Optimize for Comparative Prompts
A significant portion of ChatGPT recommendations come from 'X vs Y' or 'Best tools for Z' prompts. To win these, you must create content that acknowledges your competitors while highlighting your unique differentiators. This is called 'Comparative Optimization'. You should create dedicated comparison pages on your site that use objective, data-driven tables. ChatGPT's Search function often scrapes these tables to summarize the pros and cons of different options for the user.
Monitor Share of Model (SoM) and Iterate
Visibility in ChatGPT is not a 'set it and forget it' task. You must track your 'Share of Model'—the frequency with which your brand is recommended compared to competitors for specific prompts. Since there is no 'OpenAI Search Console' yet, this requires manual or automated tracking of specific prompt outputs. You need to analyze the citations ChatGPT provides. If it recommends a competitor, look at the source link it cites. That source is your next target for a guest post, mention, or partnership.
Frequently Asked Questions
Does traditional SEO still work for ChatGPT?
Yes, but the focus shifts. While traditional SEO targets keywords, AI-focused SEO (GEO) targets entities and facts. High search rankings often correlate with AI visibility because both value authority, but you must specifically optimize for 'citable' facts and structured data to win in LLMs.
How often does ChatGPT update its recommendations?
ChatGPT uses a mix of its 'training data' (which is static) and 'SearchGPT' (which is real-time). Recommendations based on search can change daily as new articles are published, while the model's 'internal' bias only changes with major updates or fine-tuning.

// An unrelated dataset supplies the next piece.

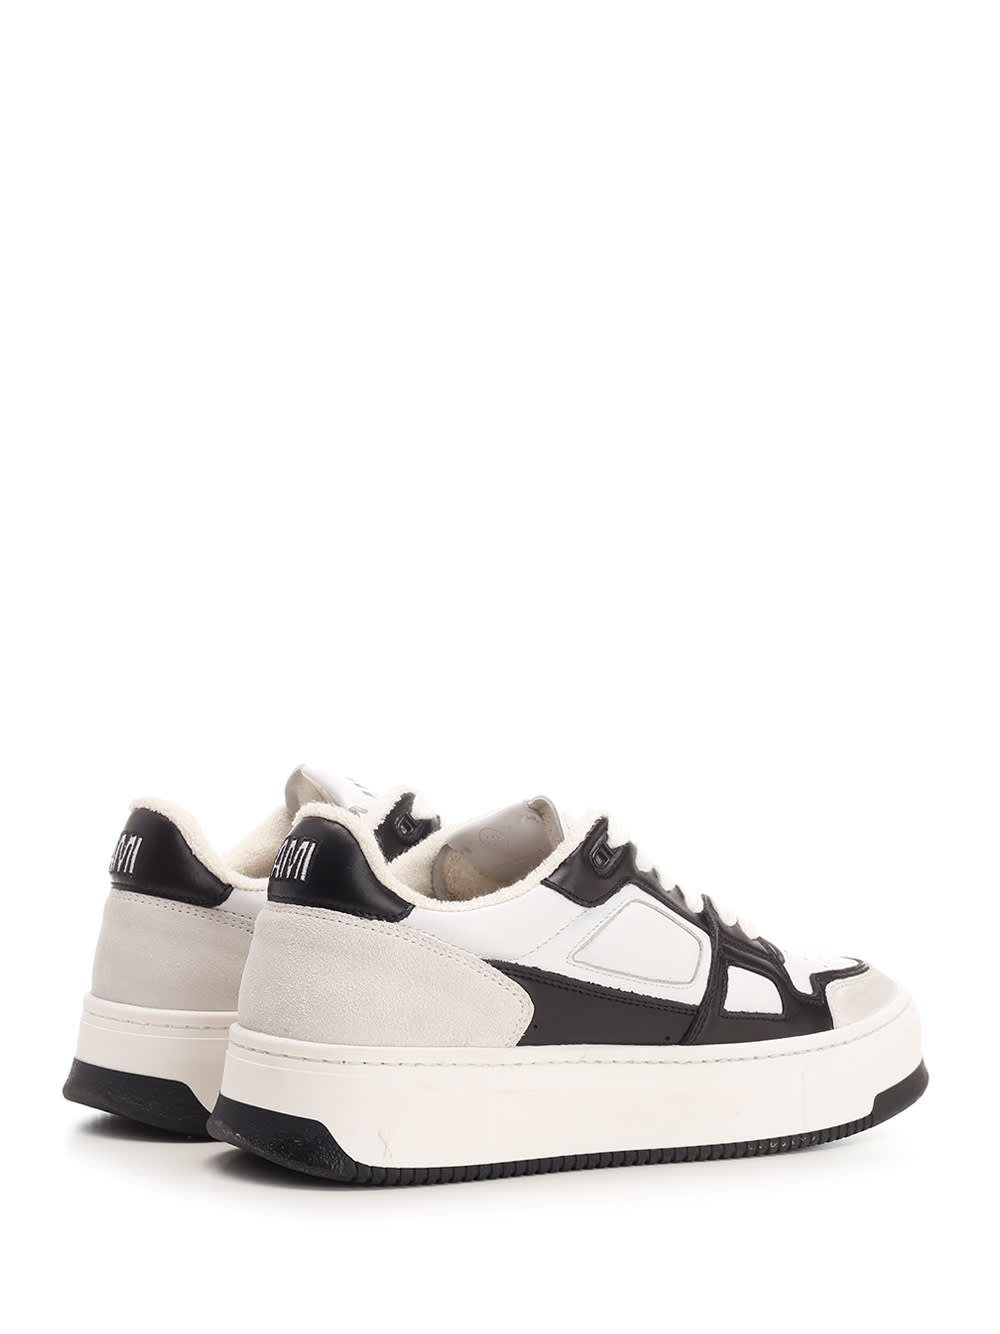 Shop Ami Alexandre Mattiussi Arcade Sneakers In White/black

Can I pay OpenAI to be recommended?
No. Unlike Google Search, there is currently no 'sponsored' recommendation system within ChatGPT. Recommendations are purely algorithmic based on perceived authority, relevance, and consensus found in the training data and live web results.
Is Wikipedia essential for ChatGPT visibility?
It is not essential, but it is the strongest possible signal. Wikipedia is a primary 'seed' source for LLMs. If you can't get a Wikipedia page, focus on being mentioned in Wikipedia citations or other high-authority knowledge bases like Wikidata.
How do I see if ChatGPT is sending me traffic?
Check your Google Search Console or Google Analytics. Look for referral traffic from 'chatgpt.com'. Note that many users may see your brand in ChatGPT and then search for you directly, so also monitor 'Direct' and 'Brand Search' traffic spikes.